IOMMU Architecture
Intel VT-d, AMD-Vi, iommu_domain, and device passthrough
Hardware implementations
Intel VT-d (Virtualization Technology for Directed I/O)
Intel VT-d places a remapping hardware unit (DMAR unit) on the root complex. Each DMAR unit manages a segment of the PCIe bus:
CPU ──► System Agent ──► DMAR Unit ──► PCIe Root Port ──► Device
│
Page Tables
(IOVA → HPA)
│
Access Control
(read/write/execute bits)
The DMAR unit uses a two-level structure: 1. Root table (indexed by bus number) 2. Context table (indexed by device/function) 3. Each context entry points to the device's IOMMU page tables
/* drivers/iommu/intel/iommu.c */
struct intel_iommu {
void __iomem *reg; /* MMIO registers */
u64 cap; /* capability register */
u64 ecap; /* extended capability */
/* ... */
struct root_entry *root_entry; /* root table (bus indexed) */
int seq_id;
struct iommu_device iommu_dev;
};
AMD-Vi (AMD I/O Virtualization)
AMD uses a single system-wide Device Table (indexed by 16-bit device ID = bus+dev+fn). Each entry points to the device's page table and control flags:
/* drivers/iommu/amd/amd_iommu_types.h */
struct dev_table_entry {
u64 data[4];
/*
* Bits define:
* [0] V: valid
* [1] TV: translation valid
* [11:9] Mode: page table levels
* [51:12] PTP: page table pointer
* (interrupt remapping fields are in data[2] of the 256-bit entry)
*/
};
The IOMMU subsystem
The kernel abstracts both implementations behind a common API in drivers/iommu/.
struct iommu_domain
An iommu_domain represents an isolated address space. One or more devices are attached to a domain; they share the same IOVA→PA translation.

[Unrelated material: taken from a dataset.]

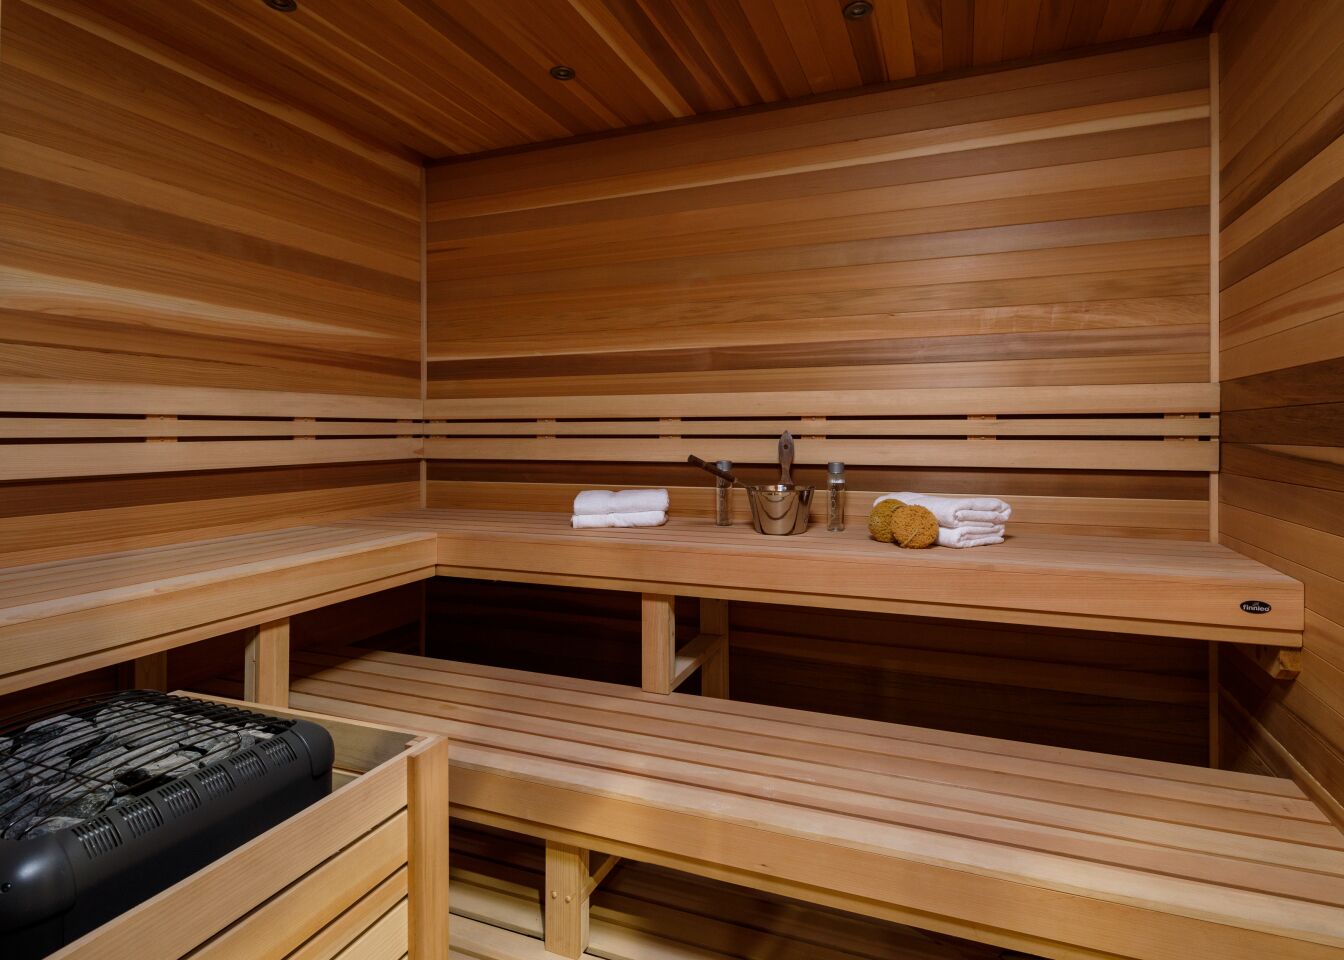 There are spa amenities including a dry sauna.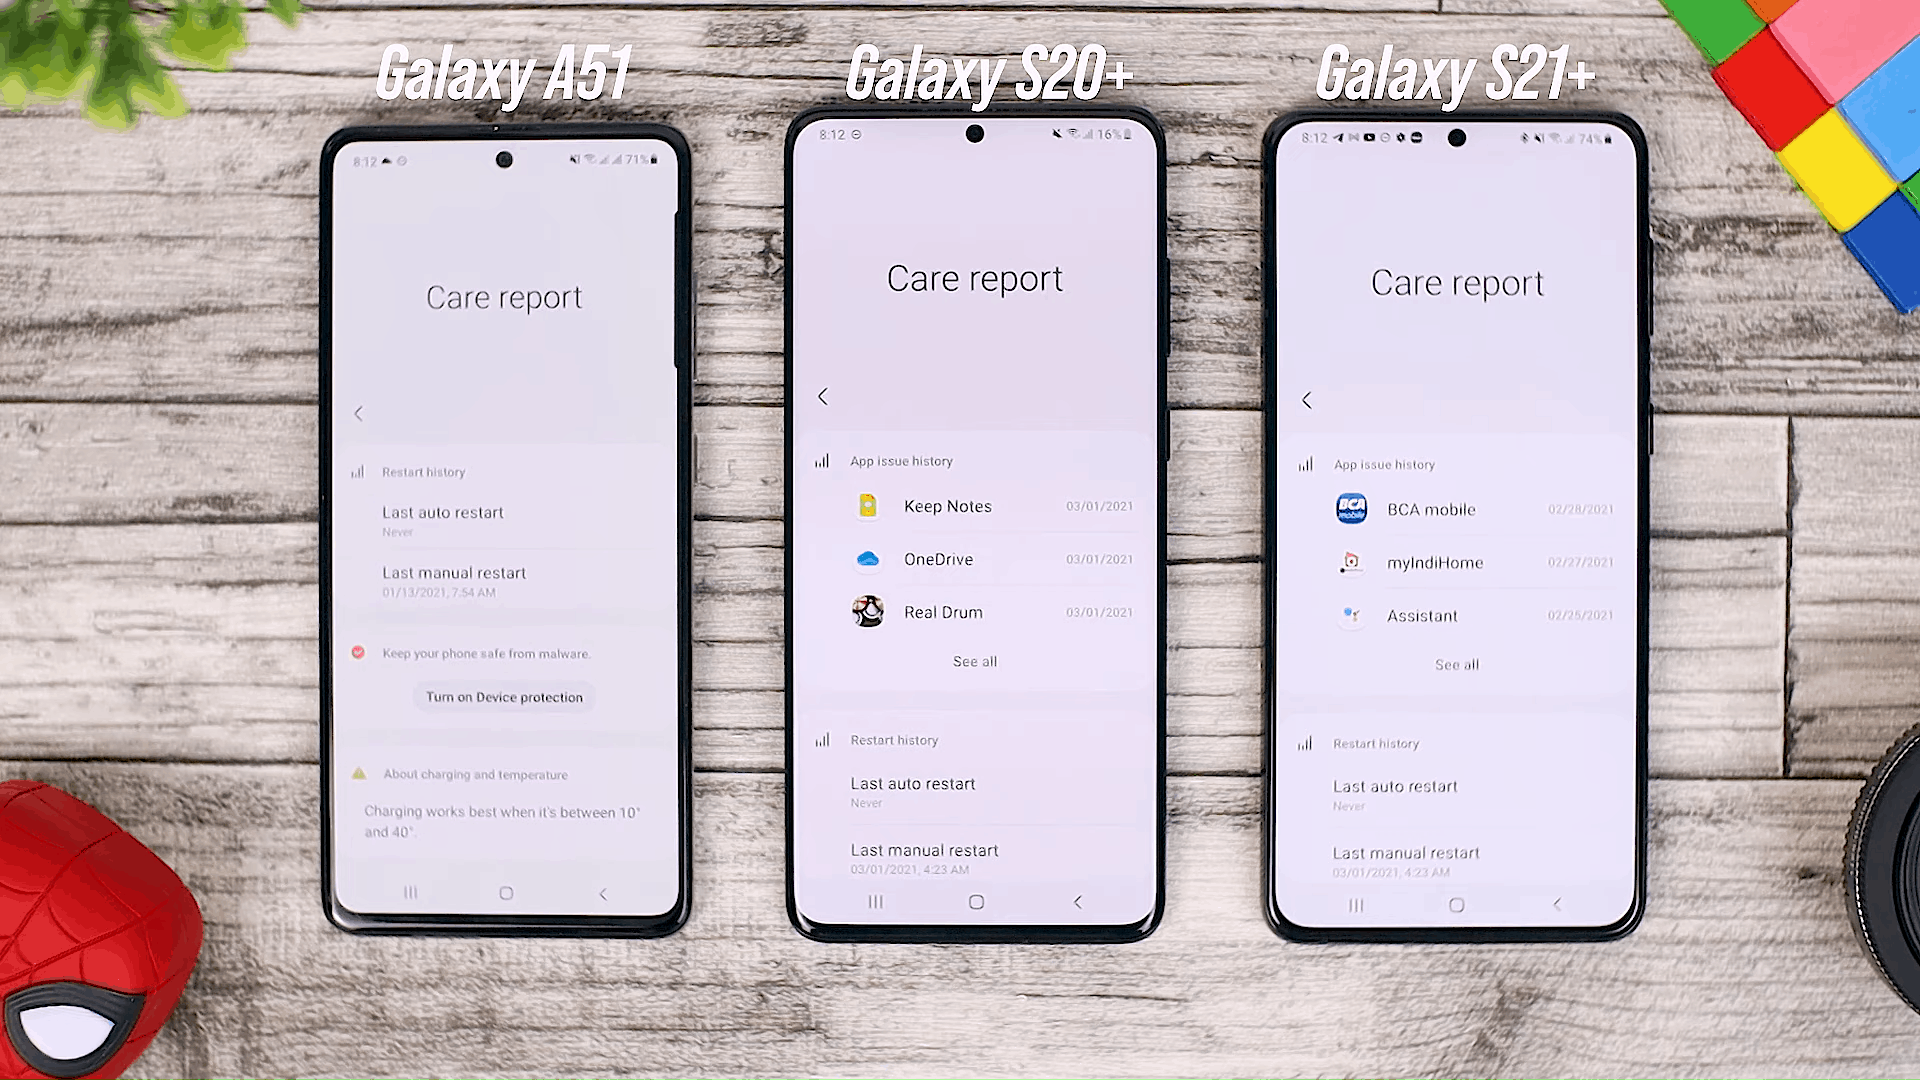 Care Report - One UI 3.0 features of Samsung Galaxy A51 and its comparison with the Galaxy S20+ and One UI 3.1 on the Galaxy S21+

/* include/linux/iommu.h */
struct iommu_domain {
unsigned type; /* IOMMU_DOMAIN_UNMANAGED / BLOCKED / IDENTITY / DMA */
const struct iommu_domain_ops *ops;
unsigned long pgsize_bitmap; /* supported page sizes */
struct iommu_domain_geometry geometry; /* IOVA range constraints */
struct iommu_dma_cookie *iova_cookie; /* IOVA allocator state */
/* ... */
};
struct iommu_domain_ops {
int (*attach_dev)(struct iommu_domain *domain, struct device *dev);
void (*detach_dev)(struct iommu_domain *domain, struct device *dev);
int (*map_pages)(struct iommu_domain *domain, unsigned long iova,
phys_addr_t paddr, size_t pgsize, size_t pgcount,
int prot, gfp_t gfp, size_t *mapped);
size_t (*unmap_pages)(struct iommu_domain *domain, unsigned long iova,
size_t pgsize, size_t pgcount,
struct iommu_iotlb_gather *iotlb_gather);
phys_addr_t (*iova_to_phys)(struct iommu_domain *domain, dma_addr_t iova);
/* ... */
};
Domain types
/* IOMMU_DOMAIN_BLOCKED: all access denied (default) */
/* IOMMU_DOMAIN_IDENTITY: IOVA == PA (passthrough) */
/* IOMMU_DOMAIN_UNMANAGED: driver manages mappings */
/* IOMMU_DOMAIN_DMA: kernel DMA layer manages mappings */
/* IOMMU_DOMAIN_DMA_FQ: DMA with flush queue for deferred TLB invalidation */
For normal DMA: IOMMU_DOMAIN_DMA — the kernel's DMA API manages IOVA allocation and mapping automatically.
IOMMU groups
An IOMMU group is the smallest set of devices that the IOMMU can isolate from each other. Devices in the same group must share a domain — you cannot give them independent address spaces.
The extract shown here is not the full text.